MHP Grup Başkanvekili ve Nevşehir Milletvekili Prof. Dr. Filiz Kılıç: "Ülkemiz birkaç gündür ‘Kent Uzlaşısı’ adı altında bölücü terör örgütü ile ortaklık kuran, yaptığı usulsüzlükleri ve yolsuzlukları ayyuka çıkan bir belediye başkanı ile onun cürüm ortaklarının demokrasi dışı arayışlarıyla meşgul edilmektedir" dedi.
Ülkemiz birkaç gündür ‘Kent Uzlaşısı’ adı altında bölücü terör örgütü ile ortaklık kuran, yaptığı usulsüzlükleri ve yolsuzlukları ayyuka çıkan bir belediye başkanı ile onun cürüm ortaklarının demokrasi dışı arayışlarıyla meşgul edilmektedir.
Bu da yetmezmiş gibi CHP yönetimi; terör örgütleri ile iltisaklarına veyahut yolsuzlukla kazanılan para kulelerine dair kamuoyunun vicdanını rahatlatacak cevaplar vermek yerine sonu çıkmaz olan sokak davetleriyle uğraşmaktadır.
Adeta yavuz hırsız ev sahibini bastırmaktadır.
Unutulmamalıdır ki; Türkiye Cumhuriyeti bir hukuk devletidir.
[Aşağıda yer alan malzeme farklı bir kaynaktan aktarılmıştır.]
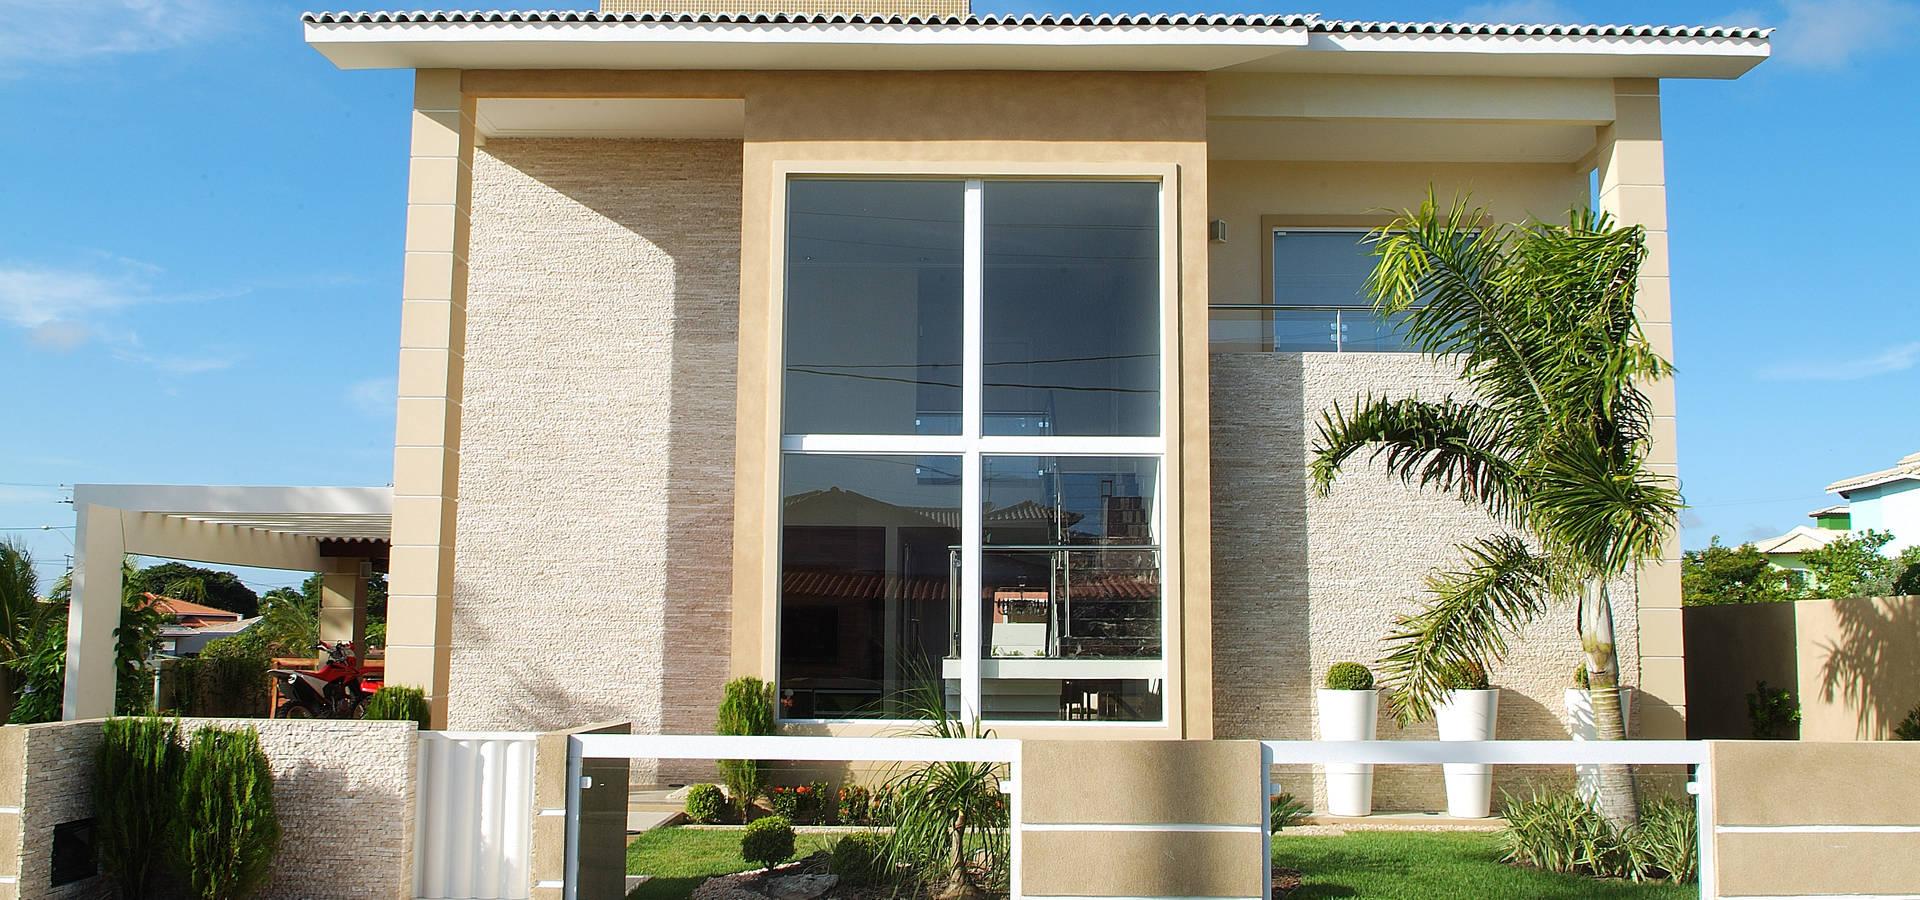 Bernal Projetos—Arquitetos em Salvador

Türk milleti adına karar veren Türk yargısı tarafsız, bağımsız ve objektiftir.
Herkes uhulet ve suhulet içerisinde Türk yargısının vereceği kararı beklemeli ve çıkacak sonuca saygı duymalıdır.
Bunun aksine bugün CHP; kendi belediye başkanları hakkında gündeme gelen ciddi iddiaları görmezden gelmekte, siyasi hesaplarla hareket ederek milletin vicdanını yaralayan bir tutum sergilemektedir.
Sayın Genel Başkanımızın ifadeleriyle “Hiç kimse dokunulamaz, ulaşılamaz, erişilemez ve hesap sorulamaz değildir.
Hukuk ile demokrasiyi, adalet ile sandığı, milli iradeyle mülkün temelini cepheleştirmek, hatta çatıştırmak için beşinci kol faaliyetine tevessül etmek yaygın şiddet olaylarına, yoğun istikrarsızlık tablosuna ve yıkıcı krizlere çağrıdır.”
Türkiye, şiddetten, şikâyetten, terörden ve belirsizlikten uzak; refah ve huzur içinde bir yüzyıla emin adımlarla ilerlerken, milli birlik ve beraberliğimizi hedef alan iç ve dış tehditlere karşı uyanık olmak, kararlılıkla mücadele etmek büyük bir tarihi sorumluluktur.
Bu anlamda milletimizi cepheleşmeye tetikleyen çağrılar karşısında sükunetlerini korumaya davet ediyorum.
Türk yargısına güvenimiz tamdır.
Mahkeme marifetince suç sabit görülene kadar masumiyet esastır.
Yargıya saygı duymadan çığırtkanlık ve sokak çağrısı yapanlar hezeyandadır, Gezi özlemi duyanlar ihanet içerisindedir.
Biz Türkiye’yi sokakta bulmadık, sokakta da kaybetmeyiz.
Sokak çağrıları boştur, milletimiz sağ duyuludur.
Usülsüzlüğün, yolsuzluğun, hırsızlığın ve ihanetin içerisine batmış CHP, 15 gün sonrasına olağanüstü kurultay kararı almıştır.
Bu kararla, bir önceki kurultayın usulsüzlüğünü zımnen de olsa kabul etmişlerdir.
Şimdi soruyorum; eğer gerçekten hiçbir usulsüzlük yapılmamış olsaydı, böyle bir olağanüstü kurultay kararı alınır mıydı?
CHP ve yandaşları önce parti içindeki usülsüzlükleri düzeltip kendilerini aklasınlar, ondan sonra açıklamalarda bulunsunlar.
Hadleri olmayan meselelere burunlarını sokup muhataplık algısı oluşturmaya çalışmasınlar.
Herkes bilsin ki; Liderimiz Devlet Bahçeli, siyaseten tutarlı ve ilkeli bir devlet adamıdır.
Muhattabı da asla ve asla CHP’nin Grup Başkanvekili değildir."